▶ **INFORMATION SUPPLIED**:

+ + + + +

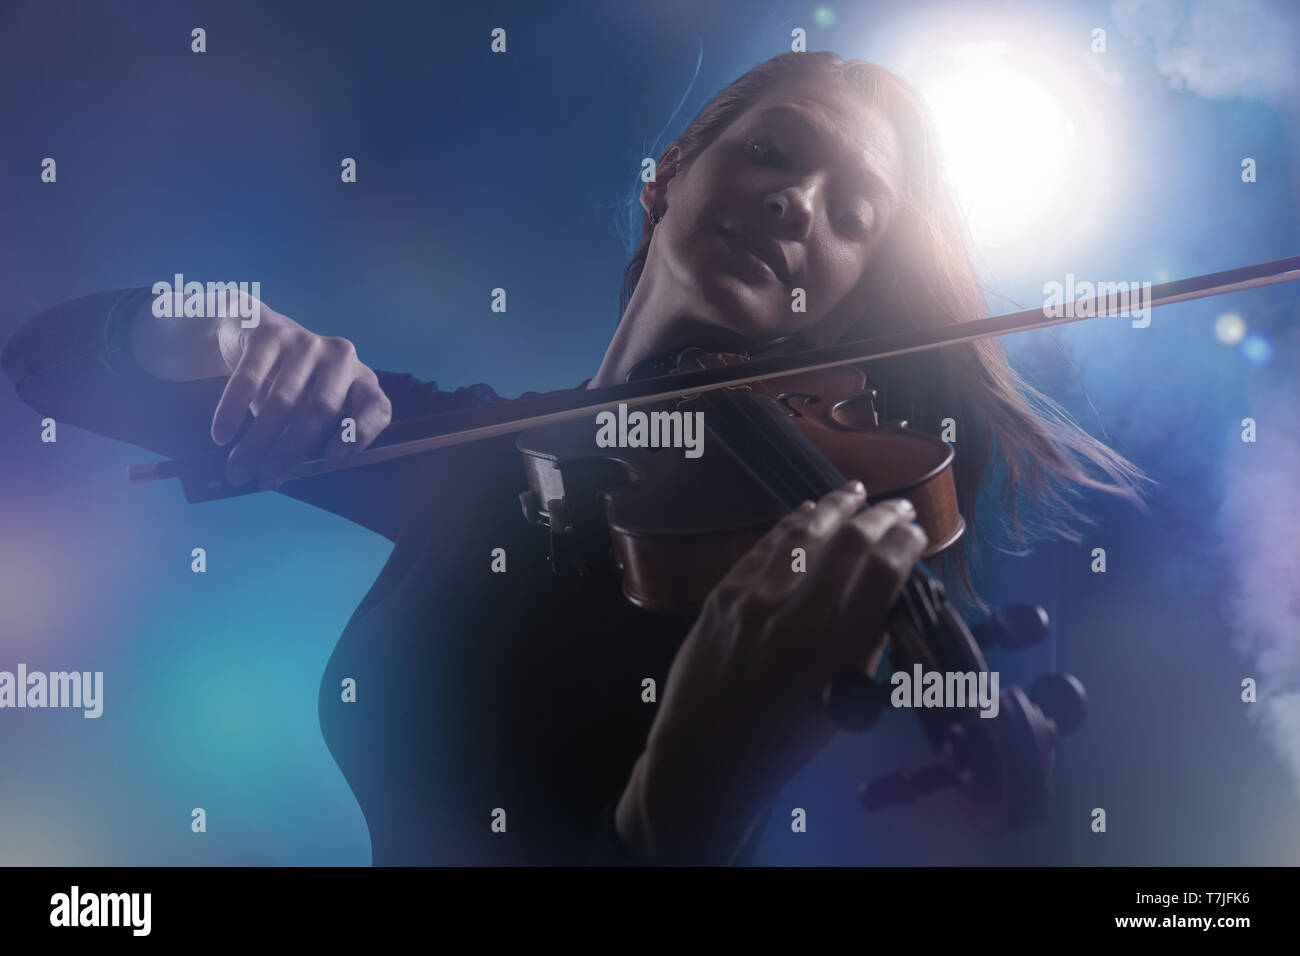 Beautiful young woman playing the violin on dark blue background. Fog in the background. Studio shot Stock Photo
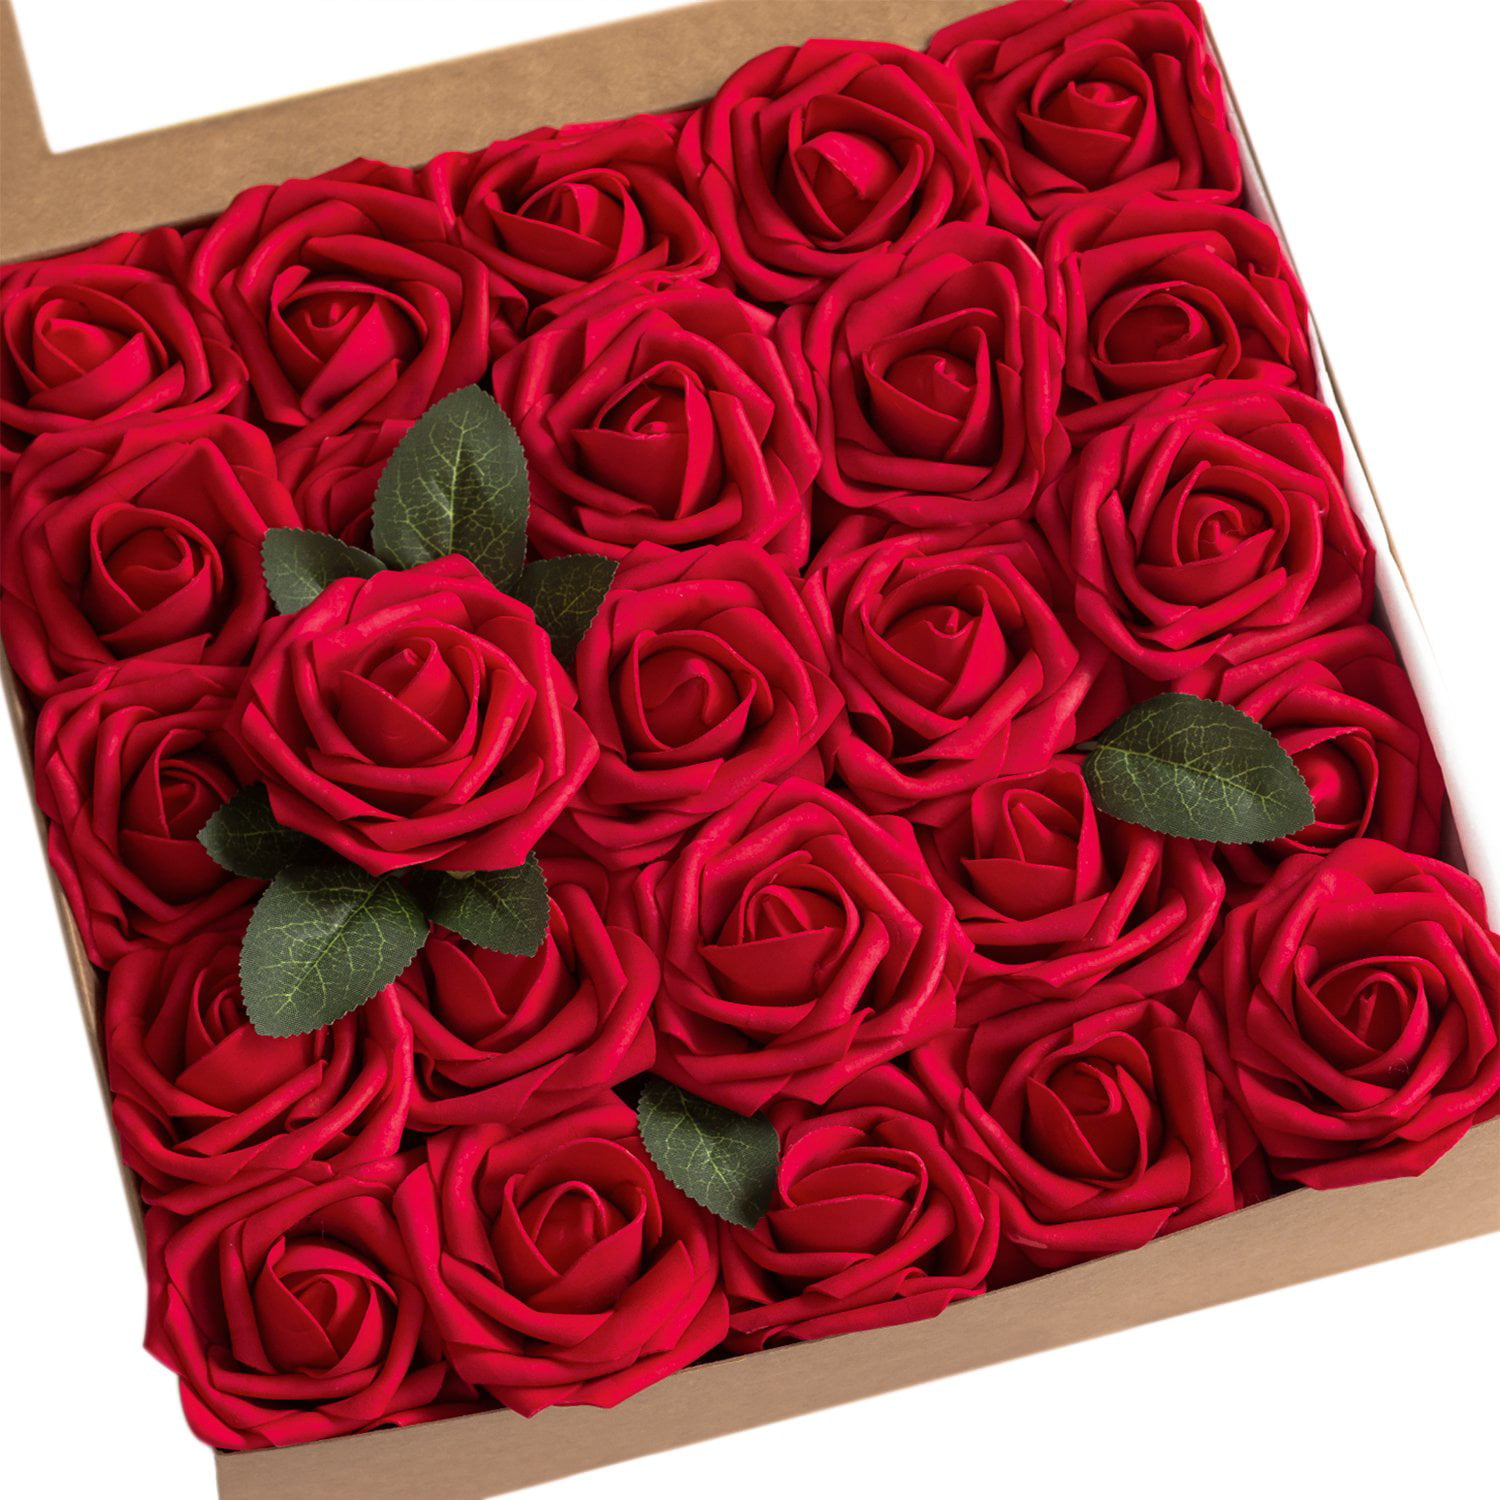 Silk Rose Red Fake Rose Eternal Flowers Single Stem Gift Wrapped Red Rose Flowers for Wedding Bouquets Anniversary Party Hotel Office Decor Artificial Flowers 
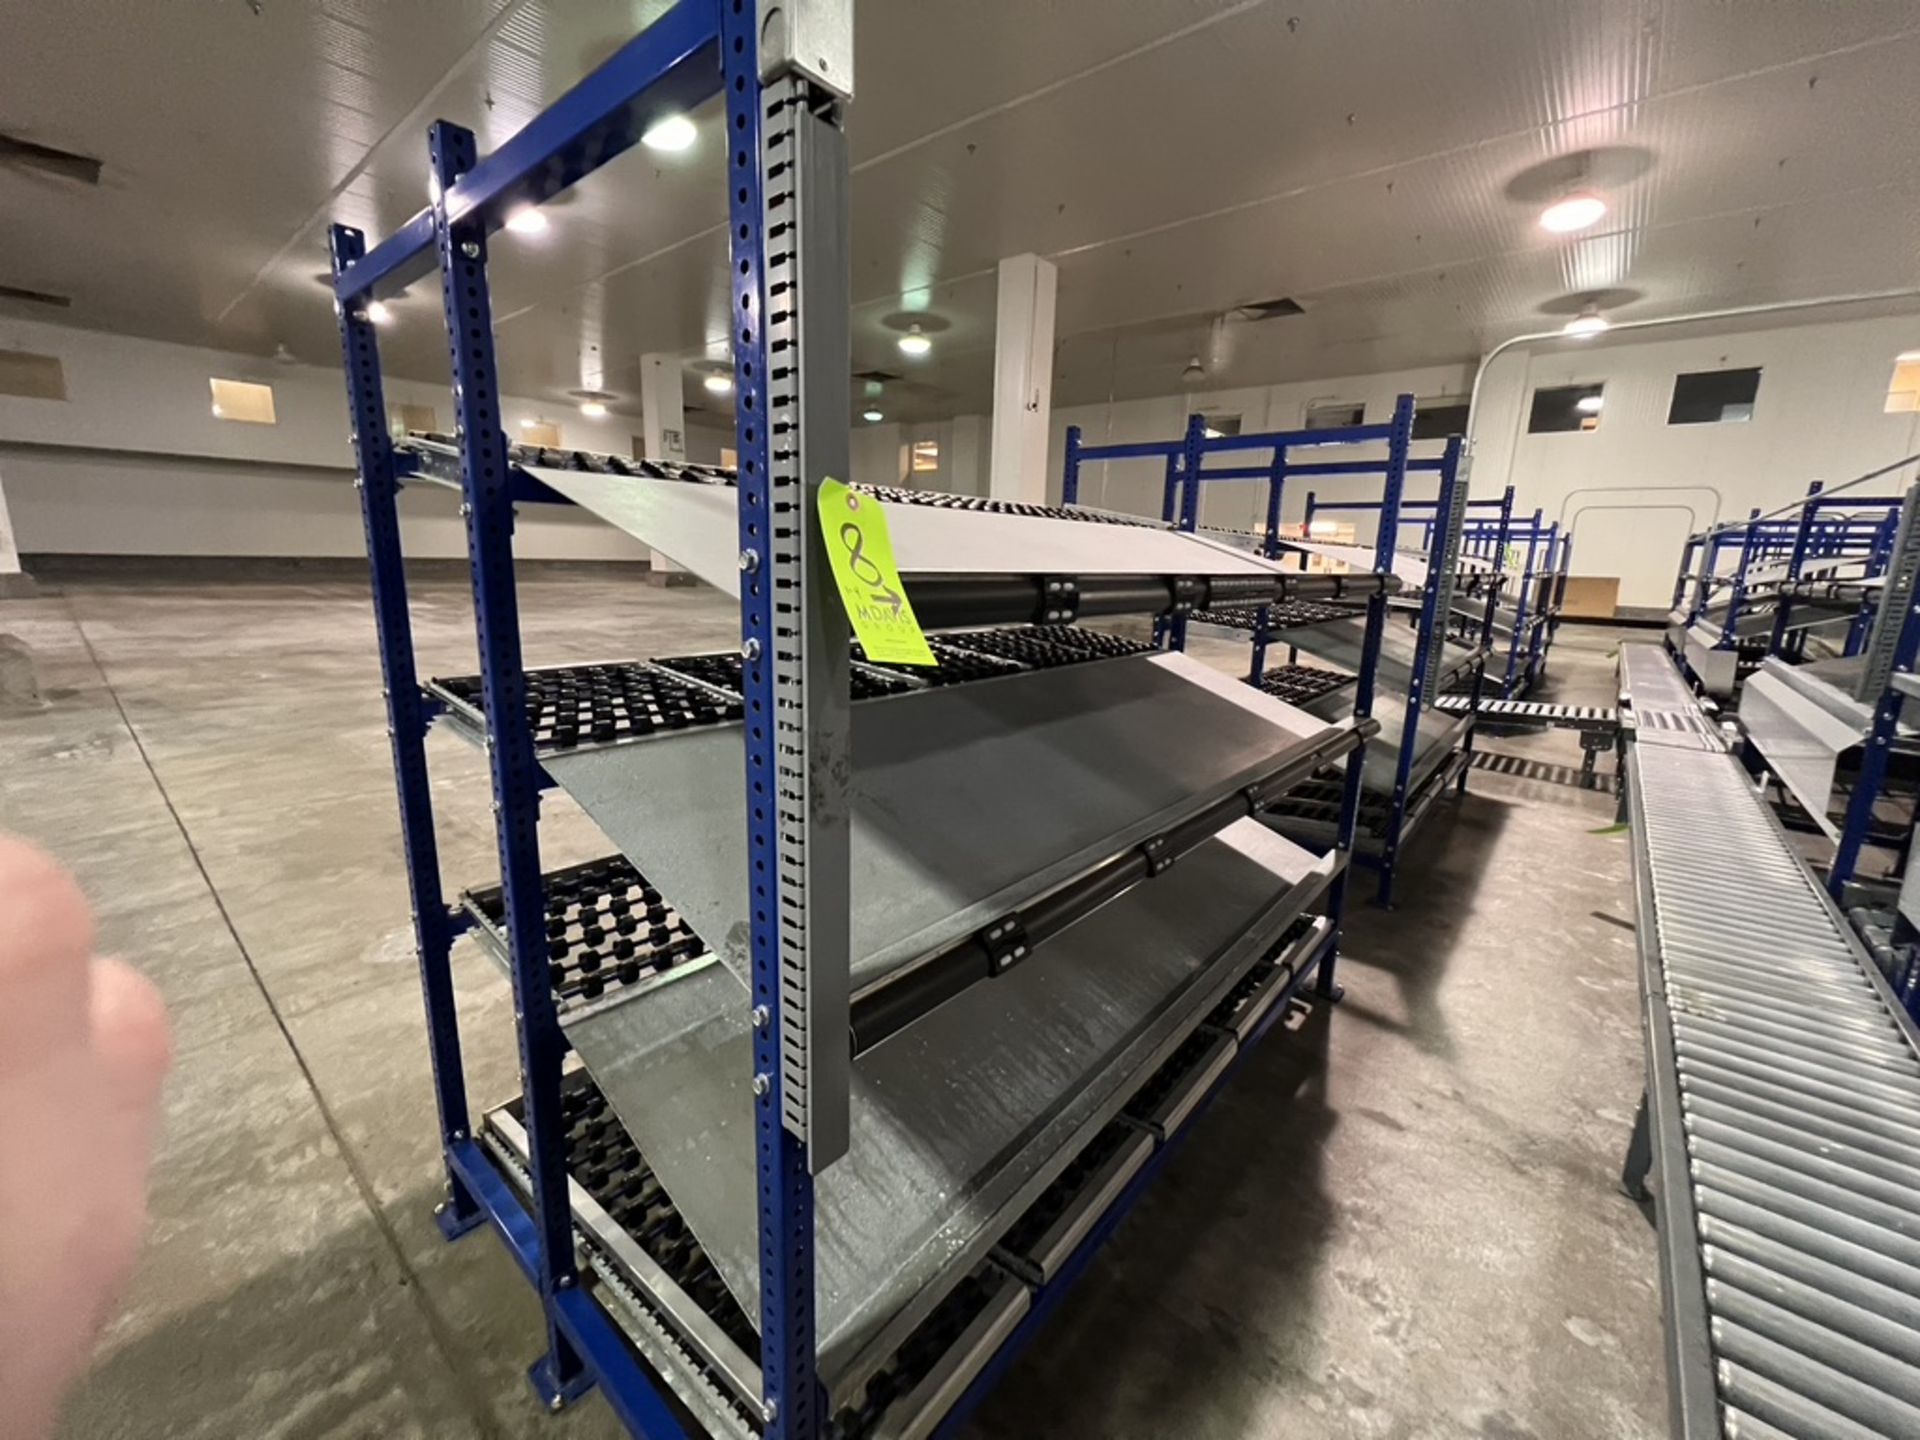 (4) UNEX SPAN TRACK PRODUCT PACK-OFF RACKS, WITH ROLLER CONVEYOR (SUBJECT TO BULK BID IN LOT 11A)

+ + + + +

▶ **WHAT IS REQUIRED**:
Repeat verbatim the lines from the one with "Silk Rose Red" through the end of the listing above. Include both ends, add nothing, and exclude the pictures.

▶ **RESPONSE**:
 Silk Rose Red Fake Rose Eternal Flowers Single Stem Gift Wrapped Red Rose Flowers for Wedding Bouquets Anniversary Party Hotel Office Decor Artificial Flowers 
 (4) UNEX SPAN TRACK PRODUCT PACK-OFF RACKS, WITH ROLLER CONVEYOR (SUBJECT TO BULK BID IN LOT 11A)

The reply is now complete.